INFORMATION SUPPLIED
• • •

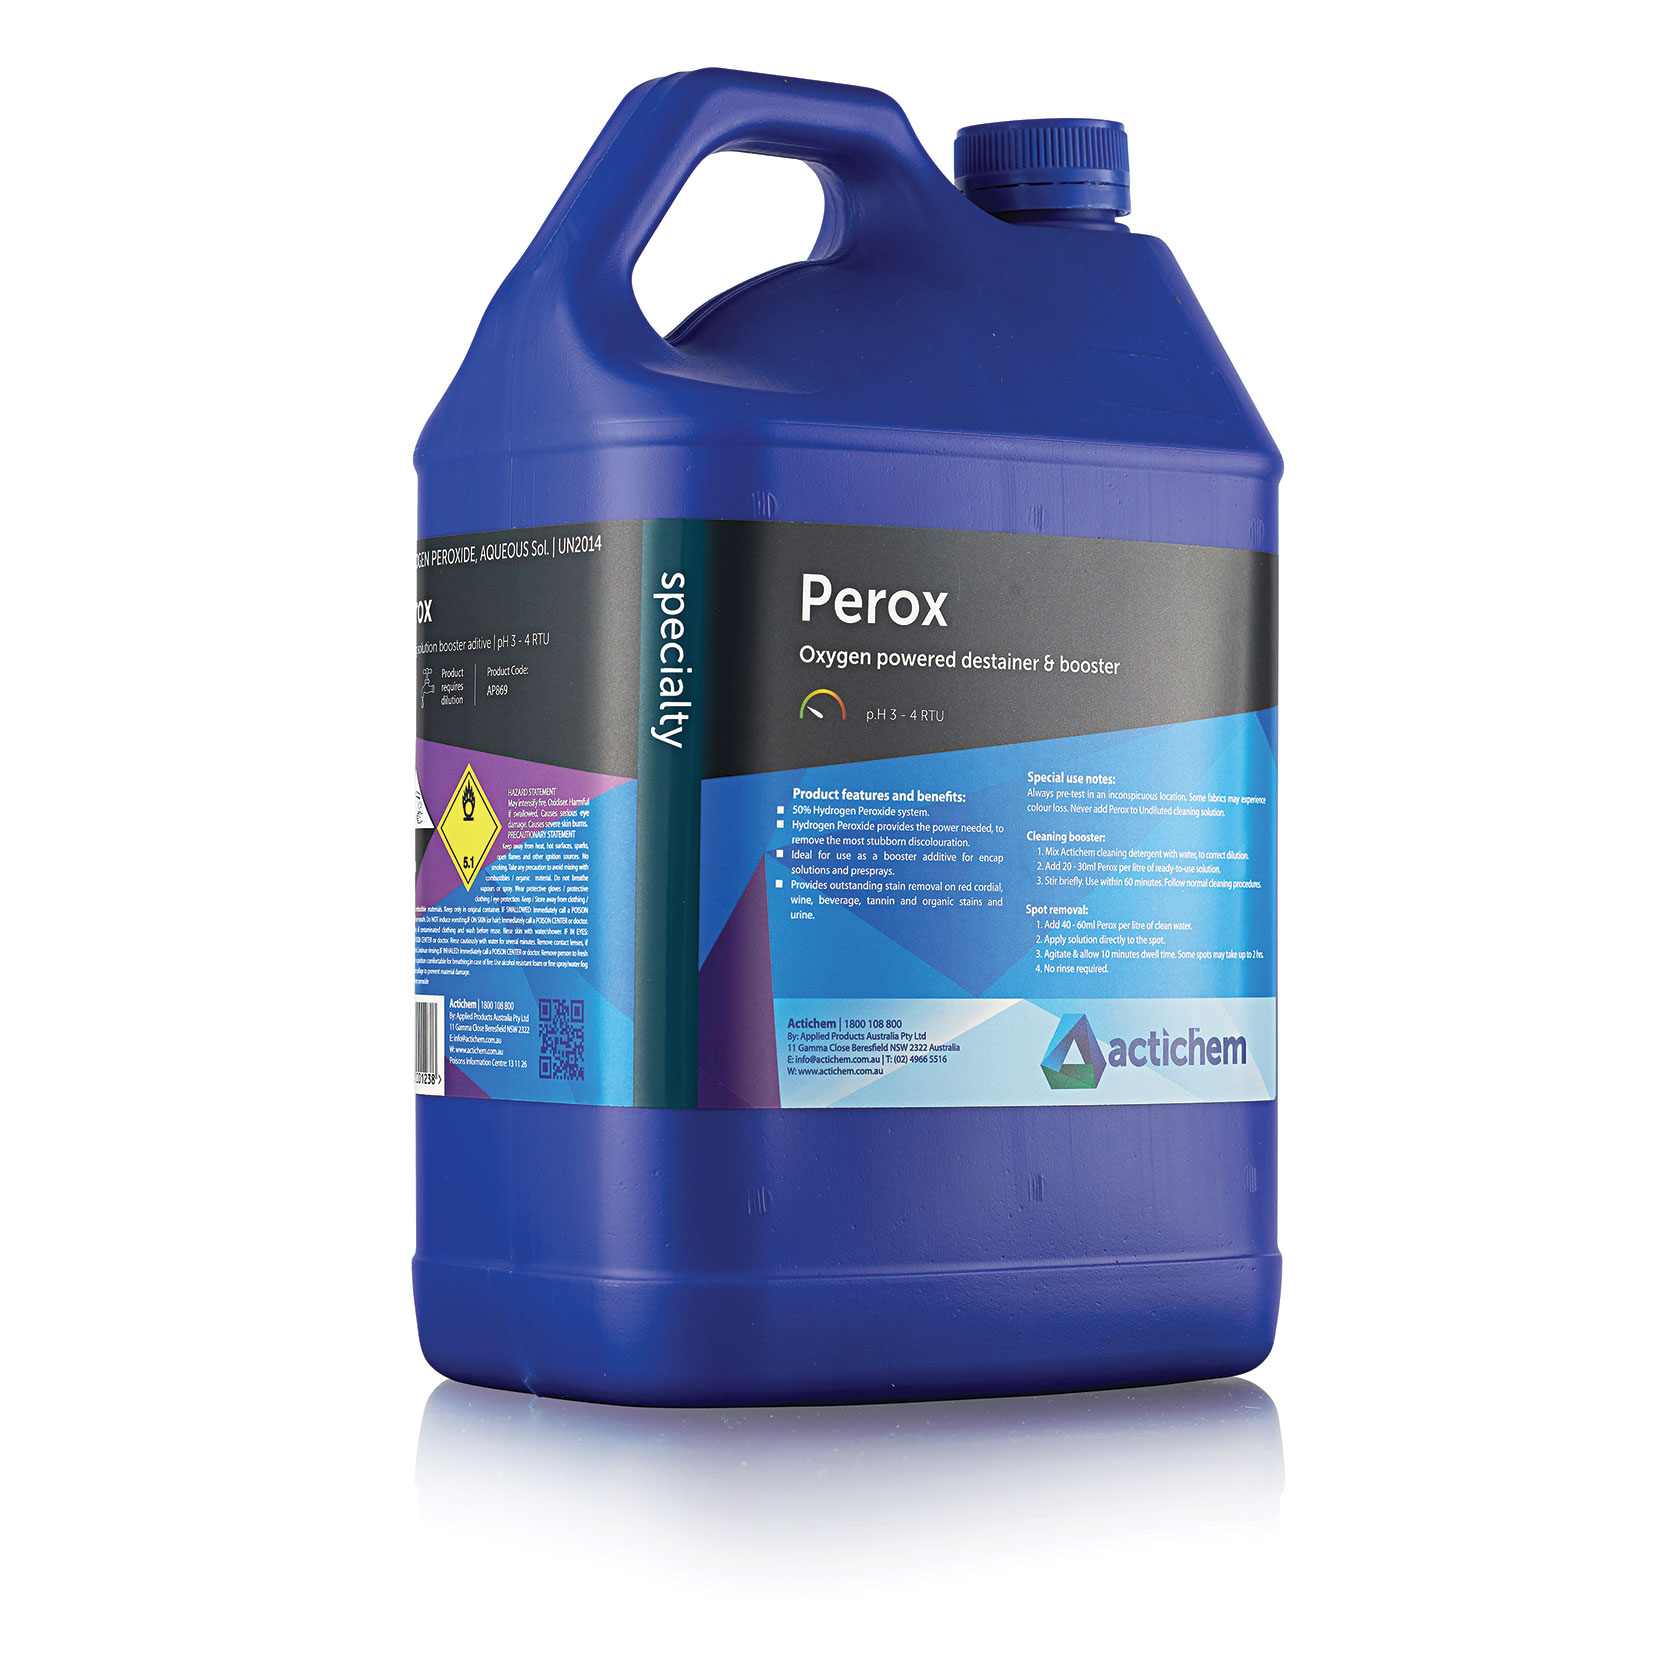 Actichem Perox high strength 50% Hydrogen Peroxide solution
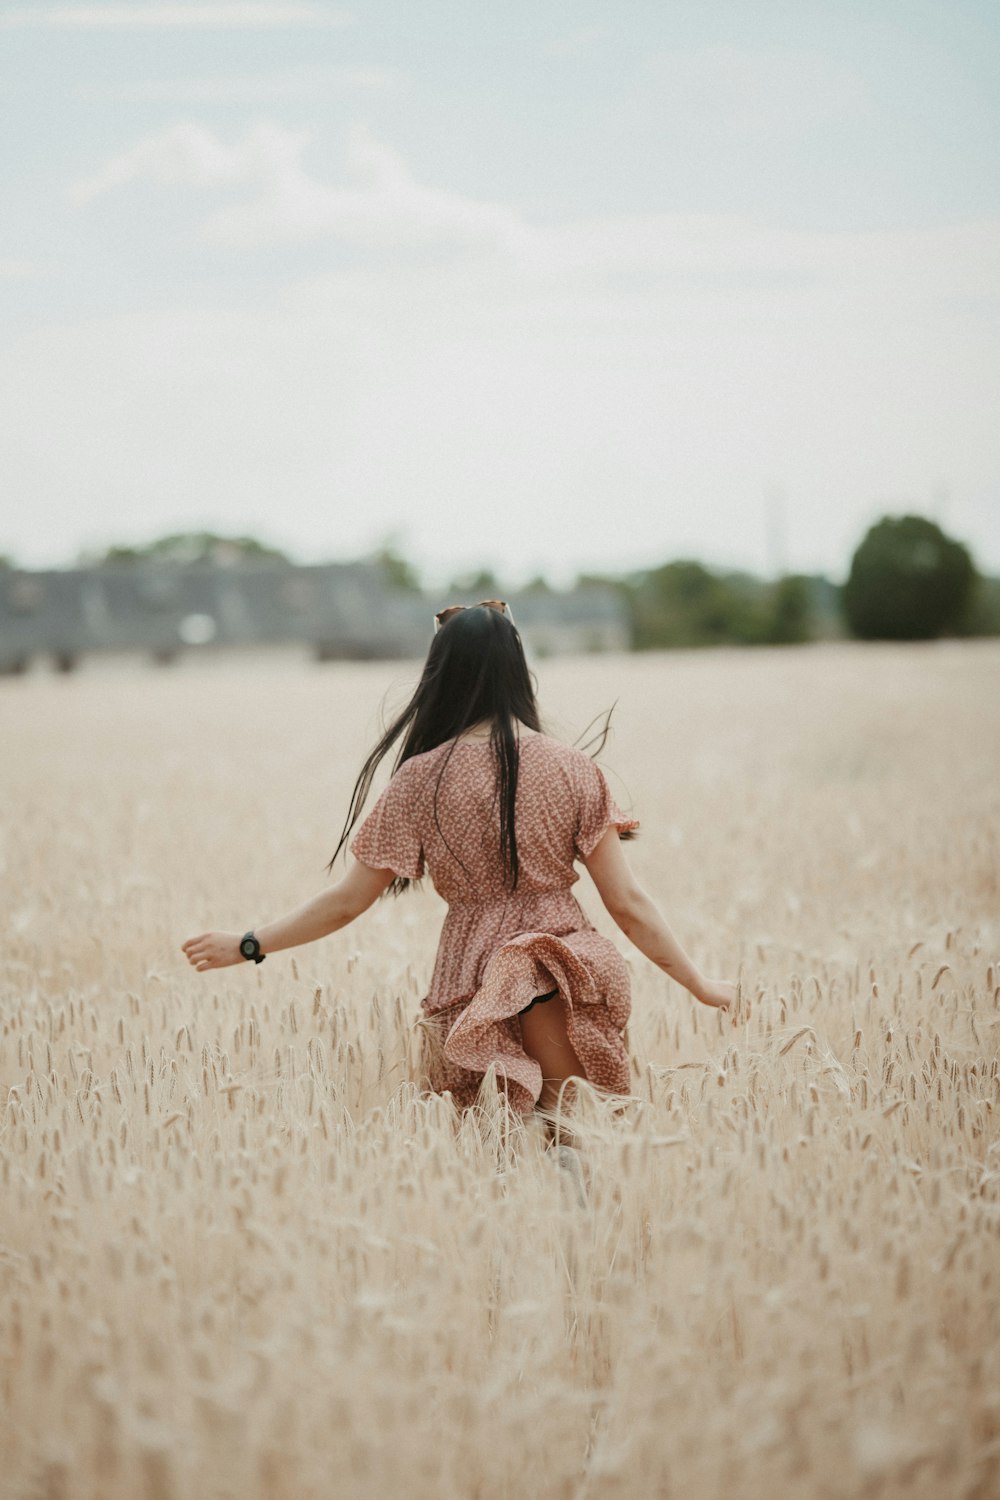 a young girl running through a field of wheat
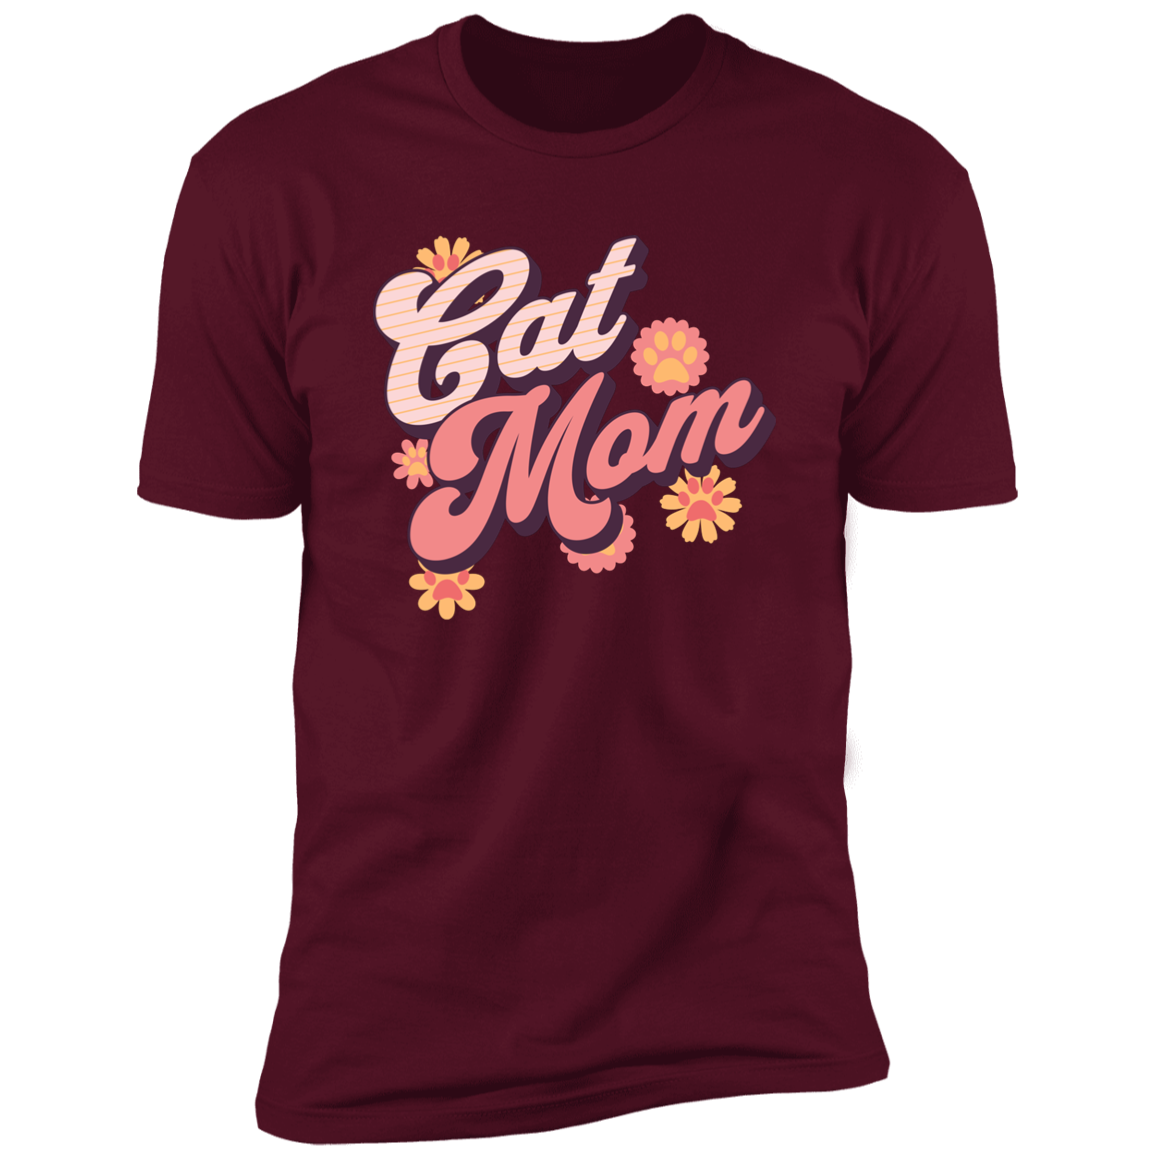 Cat Mom Retro T-shirt, Cat Mom Shirt for humans, in maroon

• • •

TRY IT
Produce an exact copy of every line above, with the images left out.

RESULT
 Actichem Perox high strength 50% Hydrogen Peroxide solution
 a young girl running through a field of wheat
 Cat Mom Retro T-shirt, Cat Mom Shirt for humans, in maroon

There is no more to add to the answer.